• **Given material**
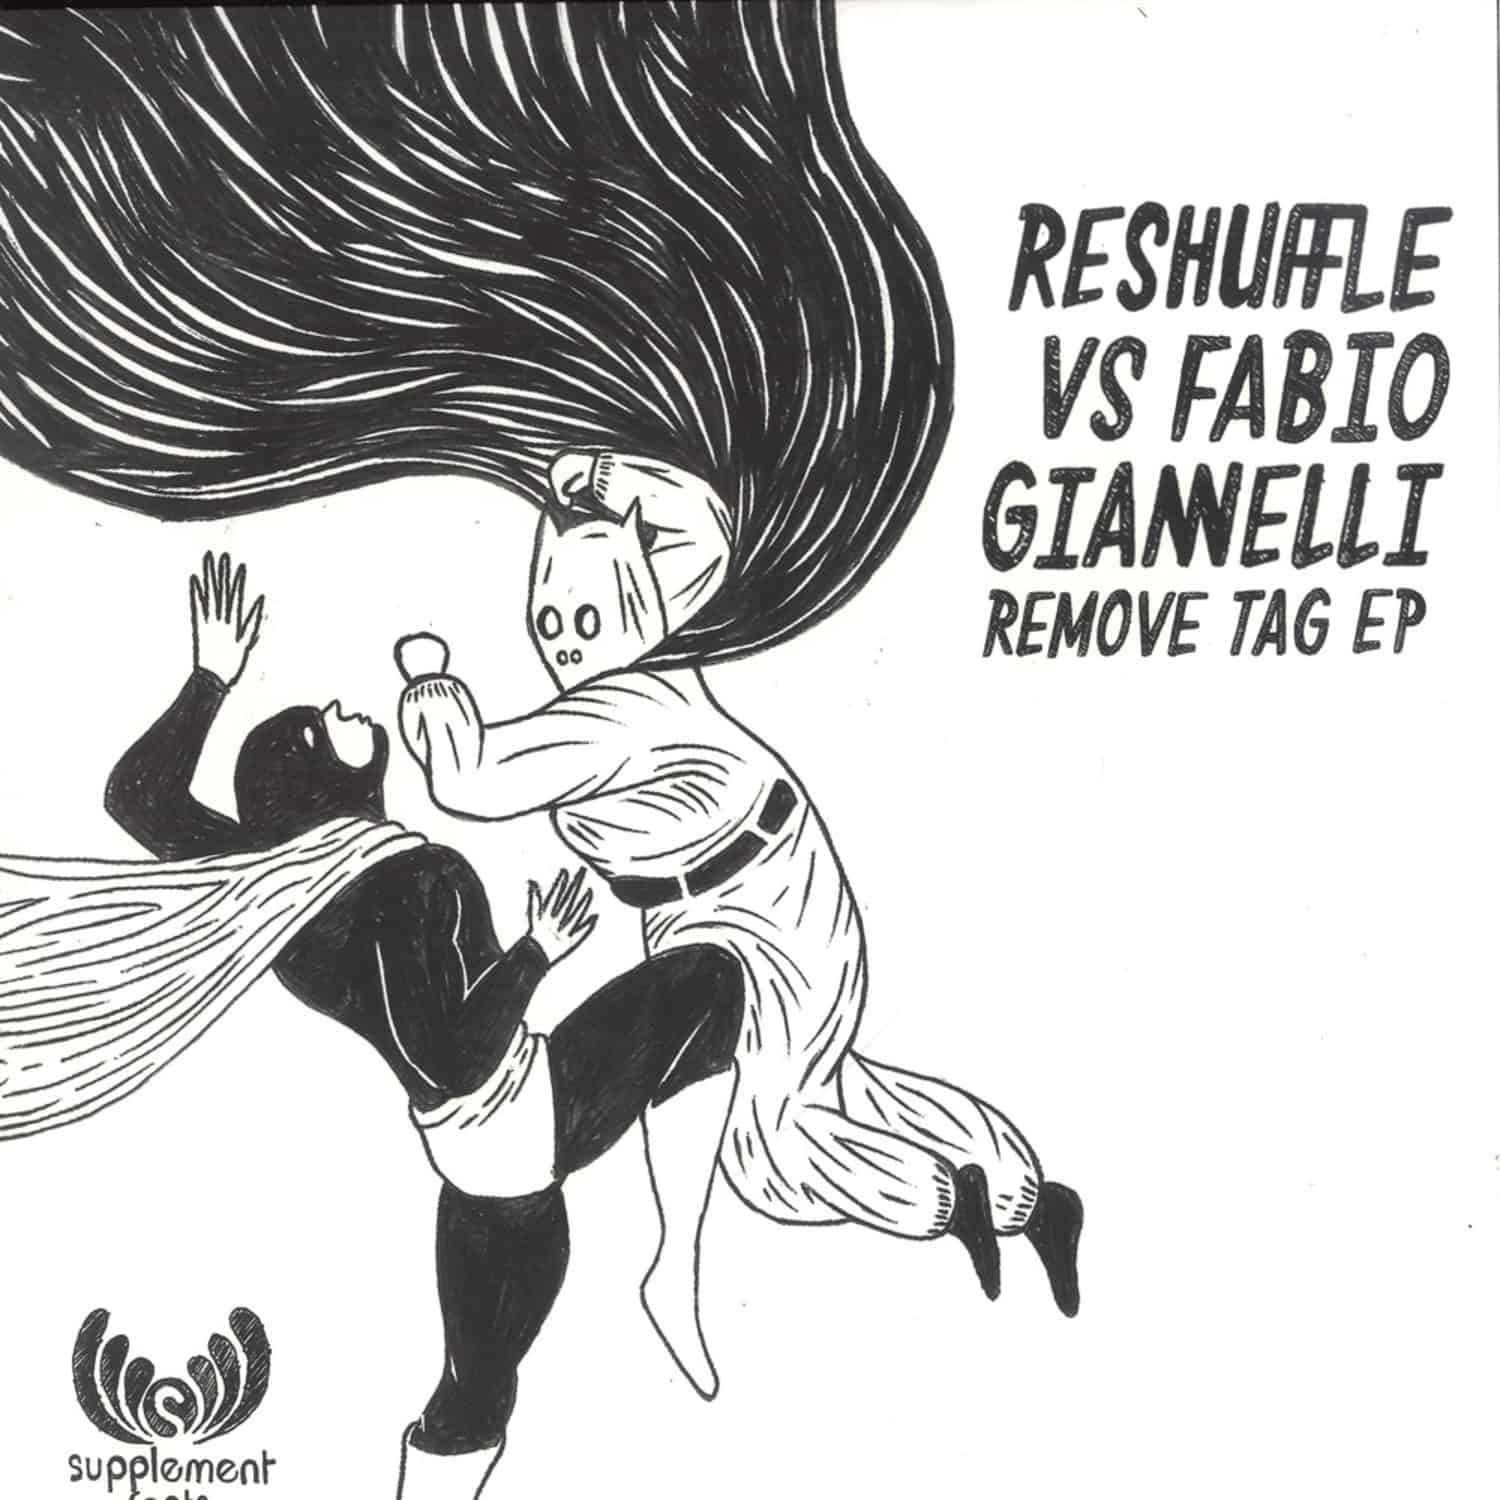 Reshuffle vs Fabio Giannelli - REMOVE TAG EP
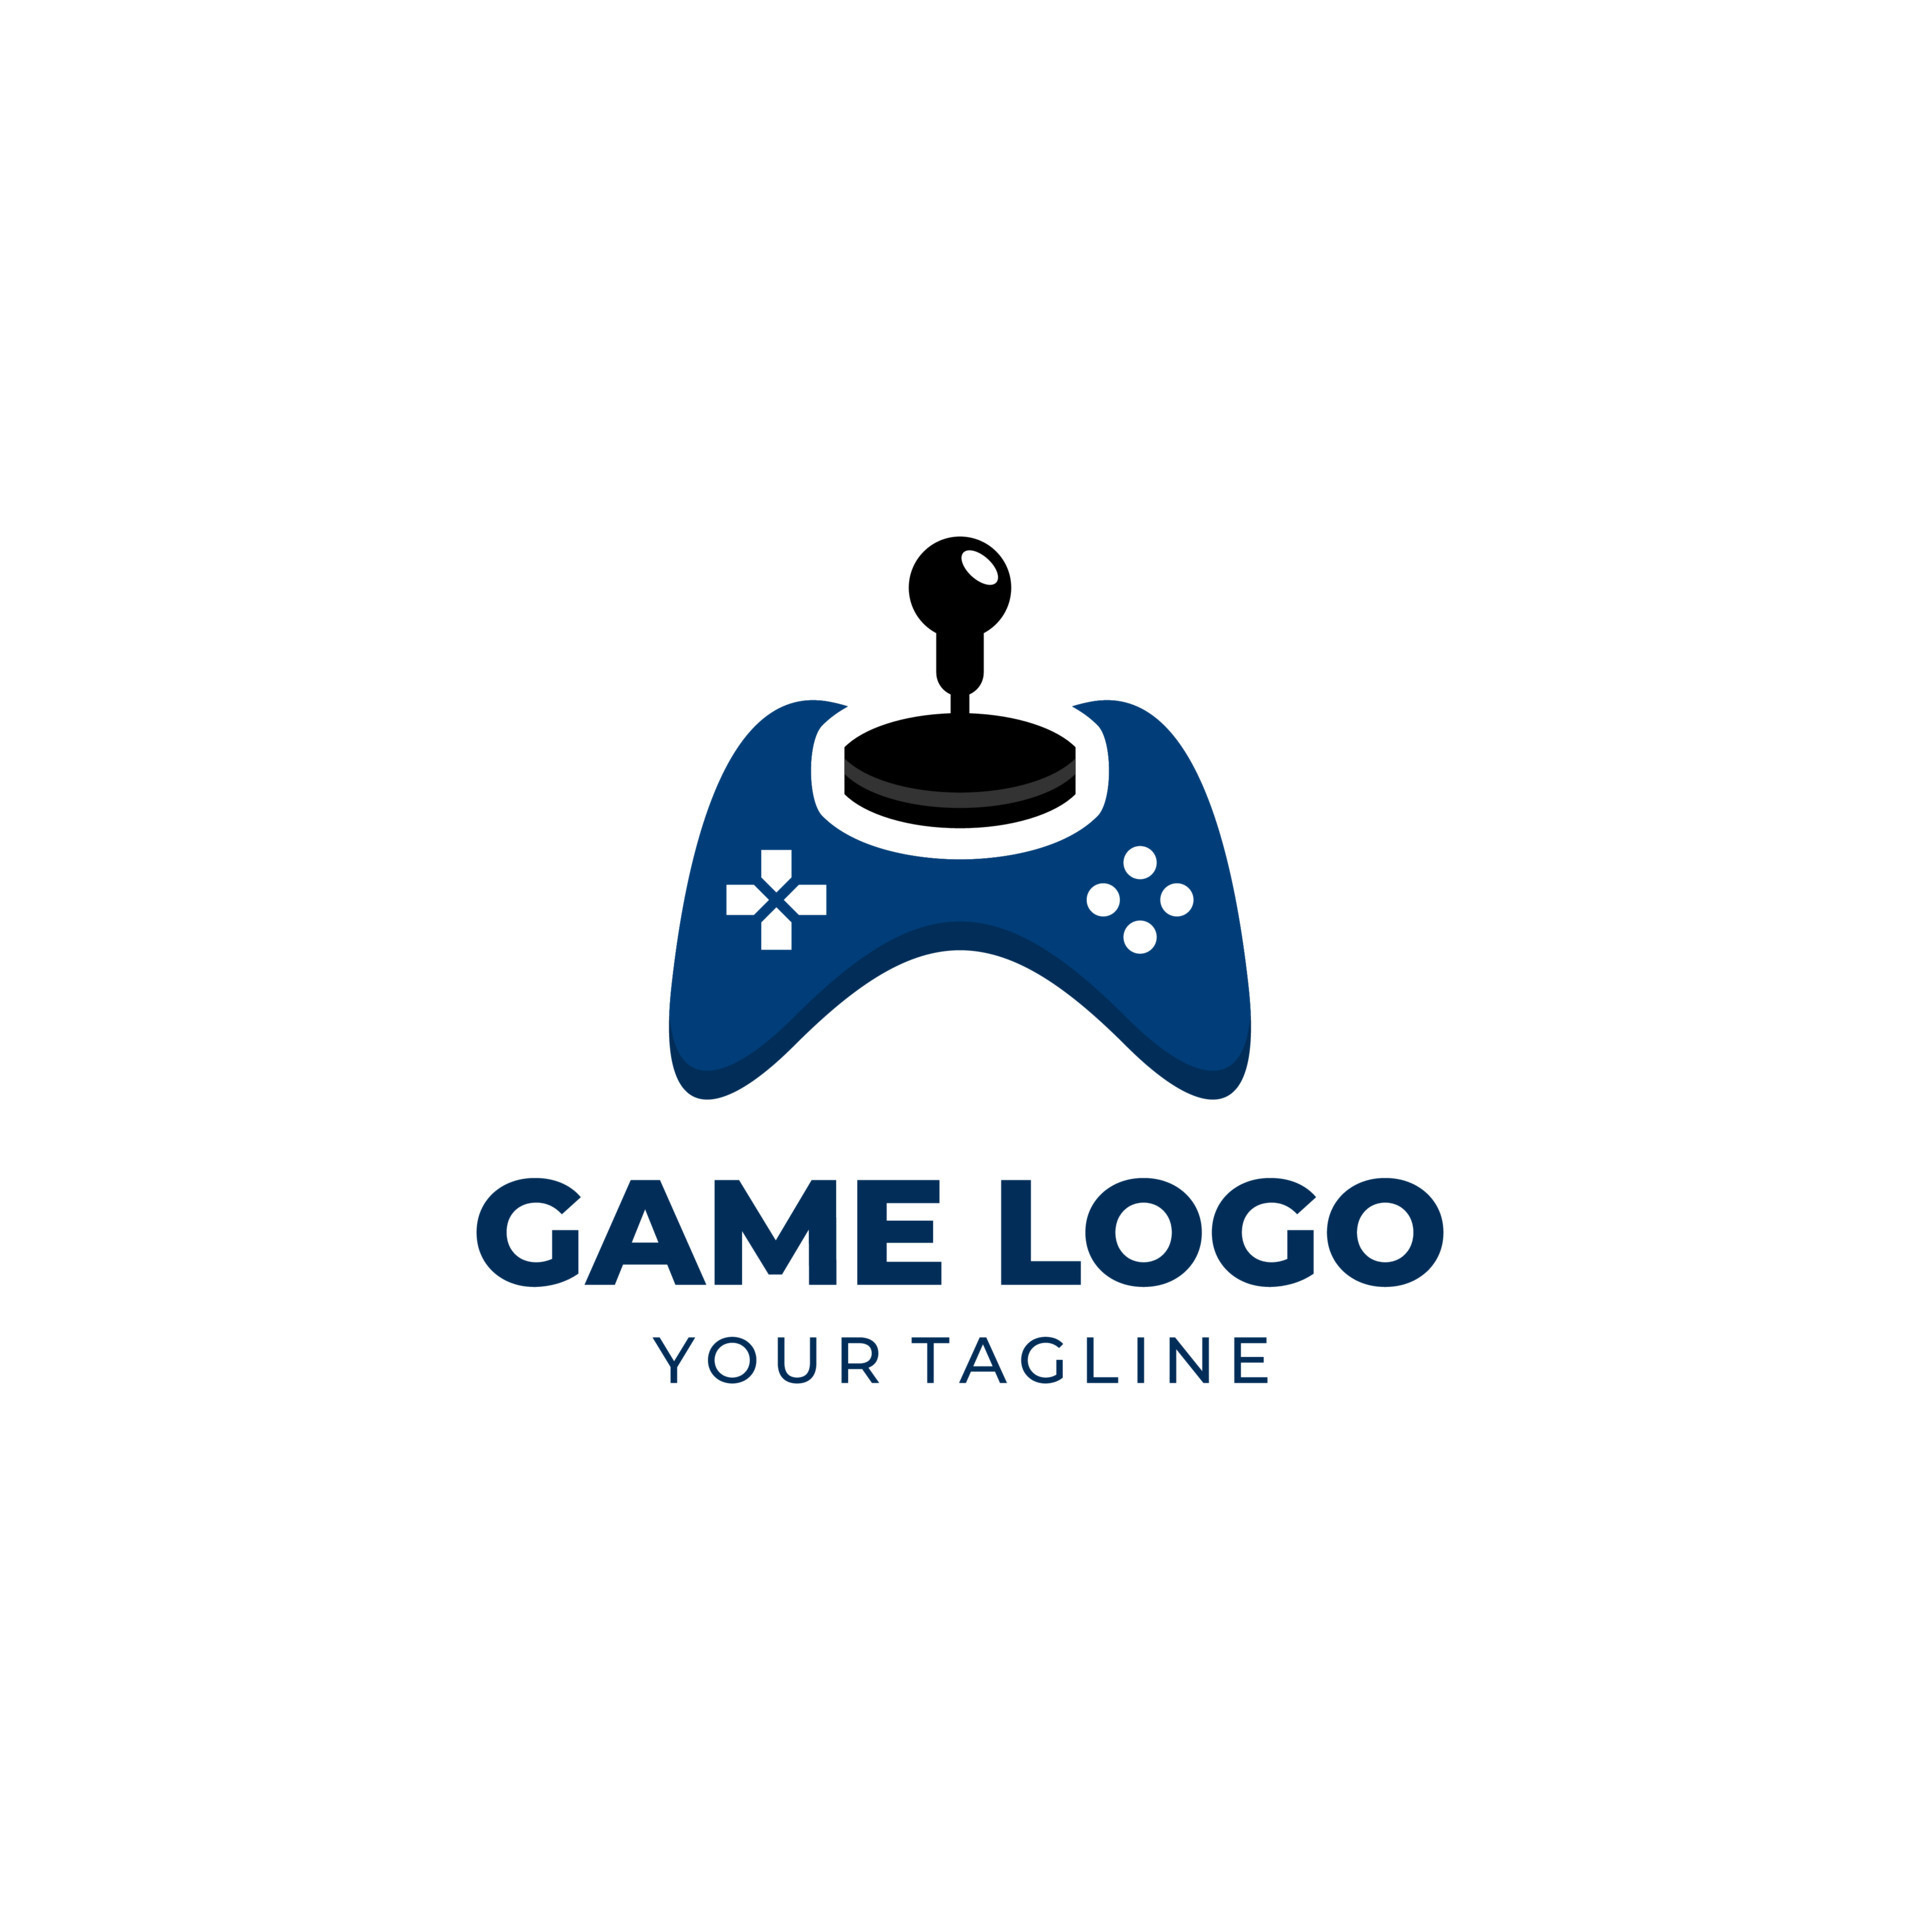 game console logos
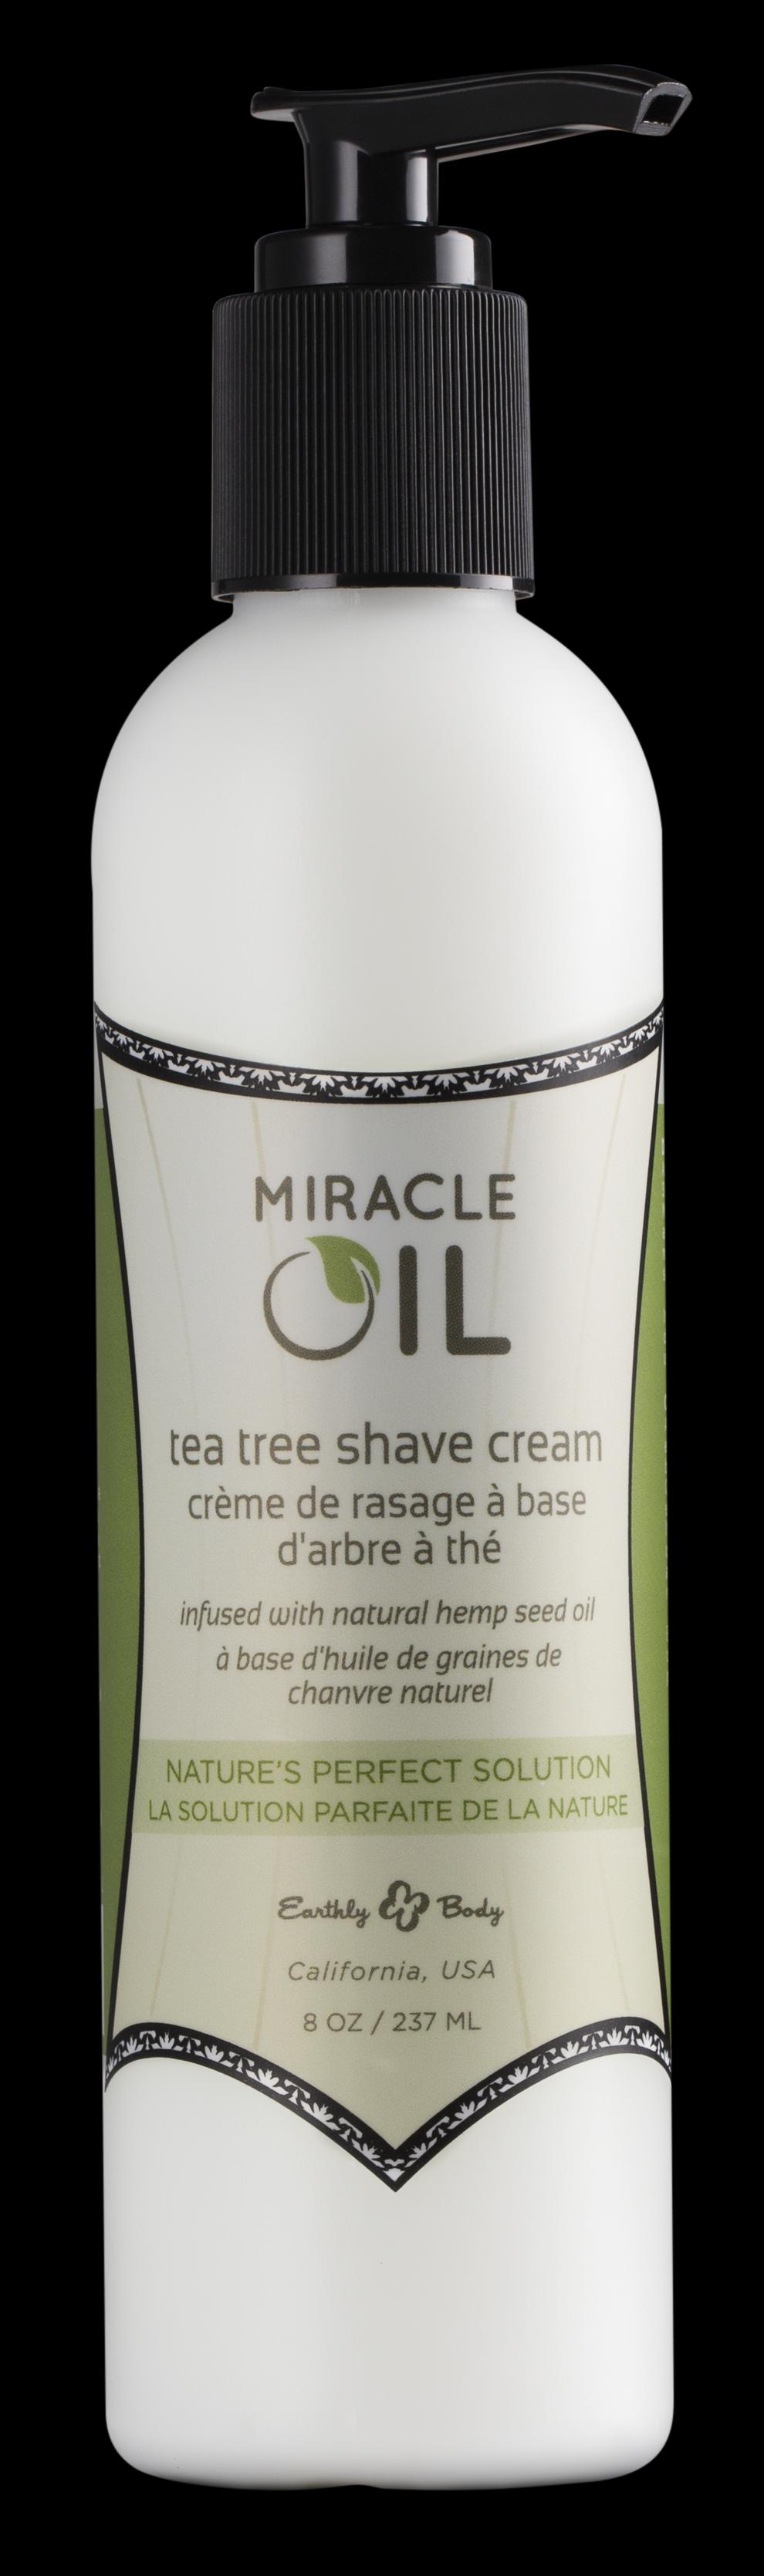 Miracle Oil Shave Creme - Krema za brijanje sa uljem čajevca

• **Aim of the exercise**
From the line containing "game console logos" down to the final line of the listing above, write out only those lines exactly as they are, minus the pictures.

• **Answer section**
 game console logos
 Miracle Oil Shave Creme - Krema za brijanje sa uljem čajevca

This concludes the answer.